Statistics involves the systematic collection of numerical data and its interpretation.
The term 'statistic' refers to:
- Numerical facts, such as the number of people living in a specific area.
- The investigation of methods for gathering, analyzing, and interpreting data.

Assignment Topics

Discuss the applications of statistics in:
- Industry
- Commerce
- Agriculture
- Economics
- Planning
- Education
- Medicine
Briefly discuss the advantages and disadvantages of primary and secondary data.

Types of Statistics

Descriptive Statistics:
- Primary concern is the description of large amounts of data.
- Includes data classification and diagrammatic representation of data, such as:
  - Histograms
  - Bar charts
  - Pictograms
- Computation of descriptive statistics such as:
  - Mean
  - Median
  - Mode
  - Range
  - Variance
  - Among others
Inferential or Inductive Statistics:
- Allows drawing conclusions about the population based on samples drawn from the population.

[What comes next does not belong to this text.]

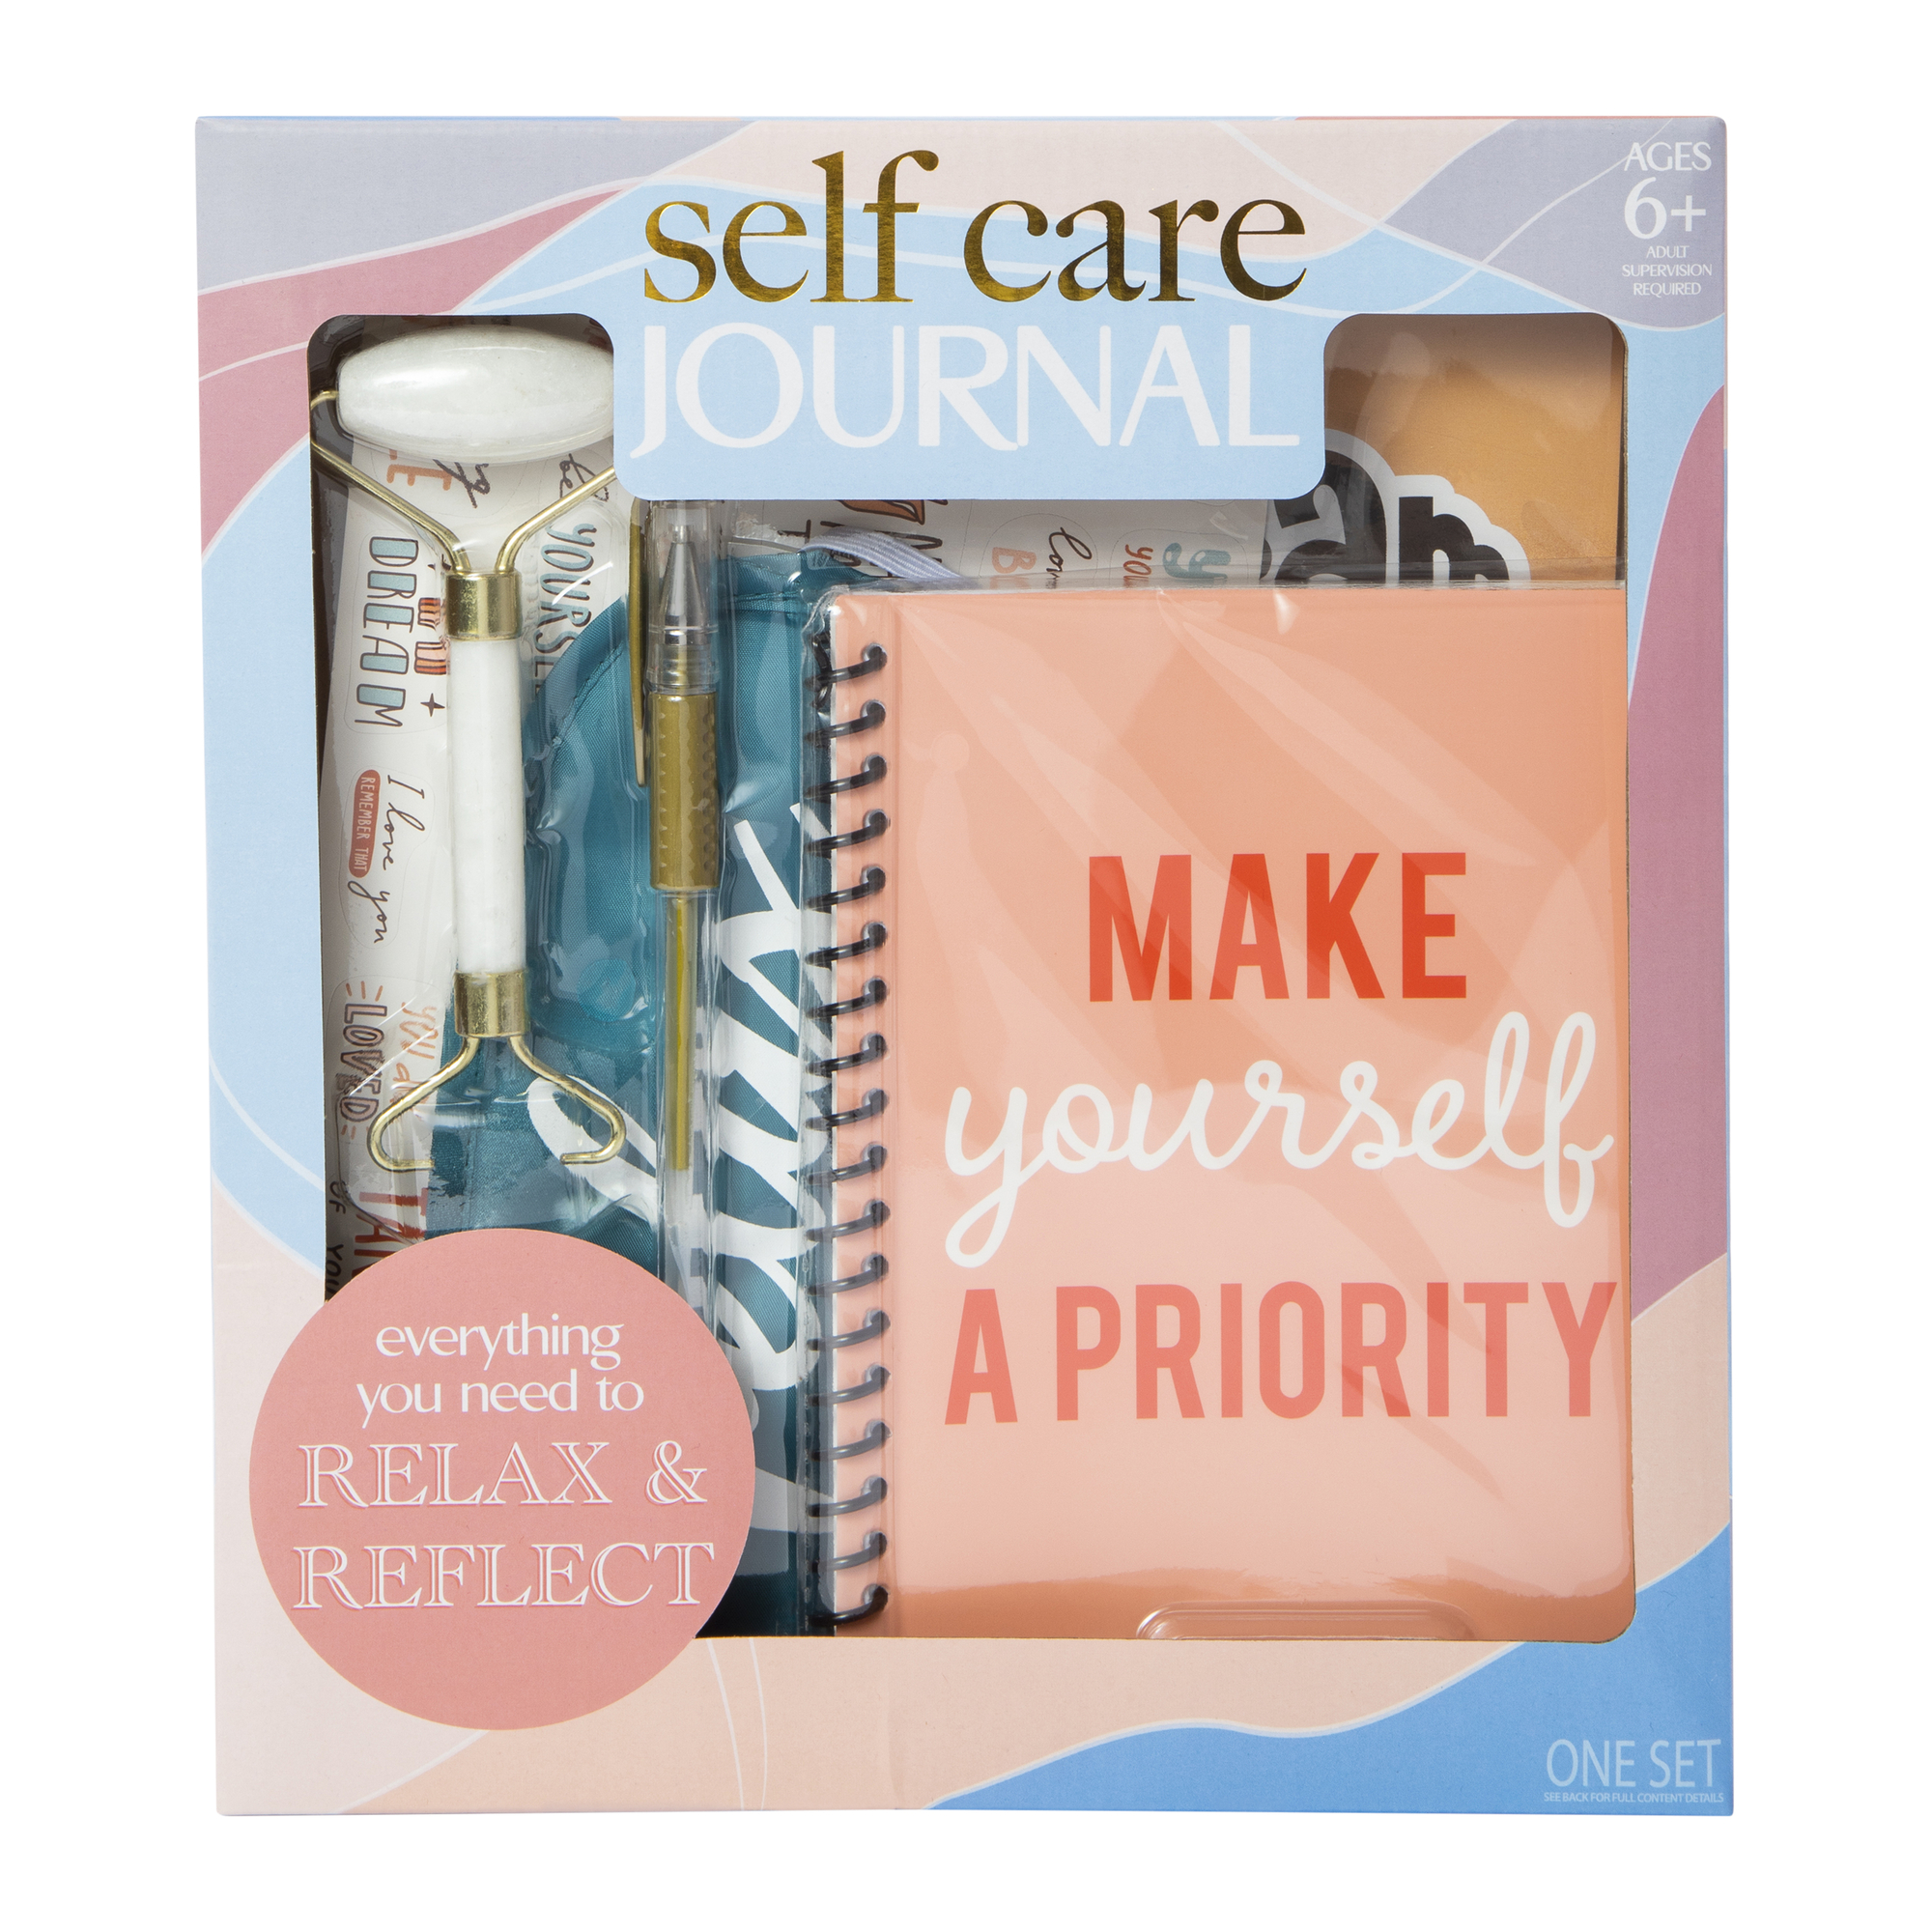 self-care journal gift set

Nature of Statistical Data

Quantitative Variables:
- Statistics deals with numerical data.
- Business, economics, social, and scientific data can all be measured or counted directly.
- Examples:
  - Daily sales data
  - Value of commodity's export or import
  - Number of completed buildings
  - Number of registered contractors
  - Wages
Qualitative Variables:
- Information that is not numerical in nature, such as skin, eye, and hair color, level of education, sex, and marital status.
- Qualitative variables cannot be numerically measured directly.
- The process of assigning numerical values to qualitative data is known as coding.
- Qualitative data can be arranged in descending order of importance and assigned values in that order; this is known as ranging/ranking.

Sources of Data

Primary Source:
- The original information gathered by the investigator for conducting an investigation or study.
- Unique in nature.
- Derived from surveys conducted by individuals, research institutions, or organizations.
- Accomplished through:
  - Personal investigation
  - Investigation teams
  - Questionnaires
Secondary Data Source:
- Pre-existing data collected by other people for another purpose.
- Primarily the results of administrative activities.
- Must be used with caution because:
  - May not provide the exact information requested.
  - May not be in the appropriate format.
  - May be insufficient or outdated.
  - May not cover the required area of interest.
- Published statistics and historical records are secondary sources.
- Users of statistical information are not the original data collectors.
- Examples:
  - Daily newspapers
  - Magazines
  - Miscellaneous periodicals
  - Research reports
  - Manpower Board of Surveys
  - Central Bank of Nigeria Statistical Bulletin
  - Annual reports and statements of accounts

Methods of Data Collection

Primary data can be collected by the following methods:
1. Direct observation
2. Personal interview
3. Questionnaire
4. Telephone meeting
5. Survey
6. Census

Types of Frequency Distribution

Discrete (or Ungrouped) Frequency Distribution:
- The frequency refers to discrete values; each class is distinct and separate from the other class.
- Non-continuity from one class to another exists.
- Examples:
  - Number of rooms in a house
  - Number of companies registered in a country
  - Number of children in a family
- Example Data:
  - Survey of 40 families in a village recording the number of children per family:
    2, 1, 3, 2, 1, 5, 6, 2, 2, 1, 0, 3, 4, 2, 1, 6, 3, 2, 1, 5, 3, 3, 2, 4, 2, 3, 4, 5, 4, 1, 2, 4, 3, 2, 1, 2, 3, 3, 0, 2
- Example Frequency Distribution Table:
  No. of children Tally marks Frequency
  0 || 3
  1 H| 7
  2 H| H|| 8
  3 H||| 7
  4 ||| 4
  5 |\ 2
  6 |\ 2
  Total 40
Continuous (or Grouped) Frequency Distribution:
- Data collected are so large that it may not easily be managed, making it necessary to group the data through the use of intervals.
- When data are organized by the use of intervals, the organized data is called grouped data.
- The advantage of grouped data is that frequency distribution enables a very large array of data to be reduced to a smaller manageable size.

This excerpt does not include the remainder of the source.